Though I had no locking door and my suspicions were at an all-time high, I didn’t care. This had to be the best $22 a night anyone could spend.

The absence of a locking door and the knowledge of murderers and thieves seeking out easy prey put my animal instincts at an all time high. To protect myself, I rigged several ingenious boobie traps. This included rigging up some wire to the flimsy handle of the door and attaching it to a glass of water balanced above it (hey, i saw Greg use this trick on the Brady Bunch) which, if entered upon by an unsuspecting assailant, would drop upon their head! There were a few more security measures employed, but too minute to mention.

Feeling secure, I laid down to sleep listening to the sound of the ocean. "At last," I thought, "paradise."

About 3:00 in the A.M., I awoke to some rummaging noise outside. "Crap," I thought, "What if I have to deal with a real criminal?" I slowly snuck out of my hanging bed and walked to the screen window. As the moon shown brightly, I could see that it was the rustling of some tree branches in the wind.

Relieved, I had an incredible urge to take care of business, so I opened the door to take a break outside. "AHA!" said the gods again, for now I had a large glass of water upon my head. "Damnit!" was all I could muster and, after toweling off, headed back to slumberland.

The next day I headed back into the pueblo (town) to find a local eatery that I had been referred to by friends. After filling up on tacos I inquired with the owner about the murders reported the night before. "There was only ONE that I know of, and that was from some debris falling off that damn Russian space station. Hit some chico (boy) clean on the head and sent him off to heaven. Sad, but true."

Feeling better at this news, I went about my business and found a different place to stay at. A bit more luxurious and not so remote, I found the place that became Augi central for the next seven days. Called, "Diablo el Loco," (which I think means "The Crazy Devil"), it was the perfect mode for paradise.

Now, this story could go on for days, but you have neither the time nor patience to read a novella. So, I’m going to cut to the chase and give you the rundown.

Tulum was great. It was beautiful. People were friendly, the ocean was magnificent, and if you could only see the stars at night...so clear the sky, you could penetrate the deep of the universe and even see the Milky Way.

I met Germans. I met Brooklynites. I even met with a case of Montezuma’s revenge. More importantly, I met with the realization that paradise is not a place, a person, a thing...it is a state of being, or a place in your mind. For, as someone once said, "It is the mind that makes a hell of heaven, or a heaven of hell."

NOW THE QUESTION
So, I answered what I believe is the true meaning of paradise. The question to you is, which of the facts in my story are true?
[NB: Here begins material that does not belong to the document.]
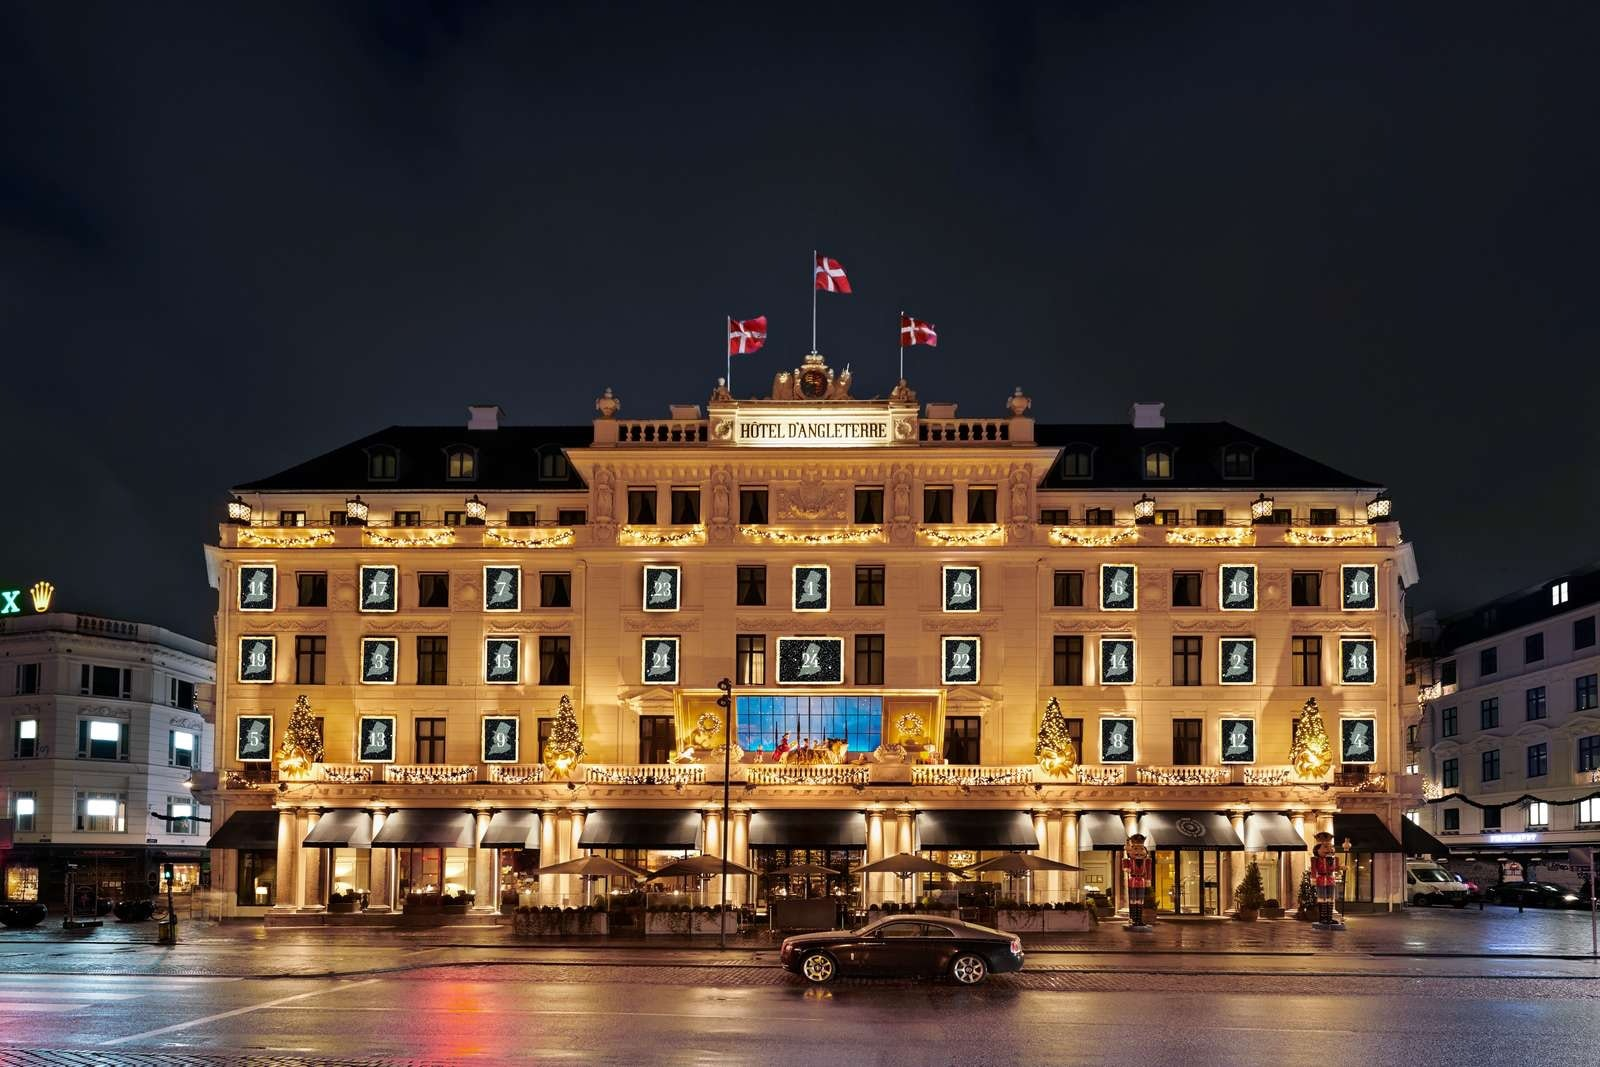 Hotel D'Angleterre julelys

Did the following things happen or not?

1. Did Augi have a Castro beard disguise?
2. Did the plane’s captain really speak like Capt Kirk?
3. Did Augi spend only $22 a night on the Caribbean ocean?
4. Did a rottweiler flail a pair of panties around in customs?
5. Did Augi really go through that many connections to get to Cancun?
6. Did space station debris truly hit some kid on the head?
7. Did Augi have to take cold showers?

If you guessed YES to number 7, you were right. As for the rest...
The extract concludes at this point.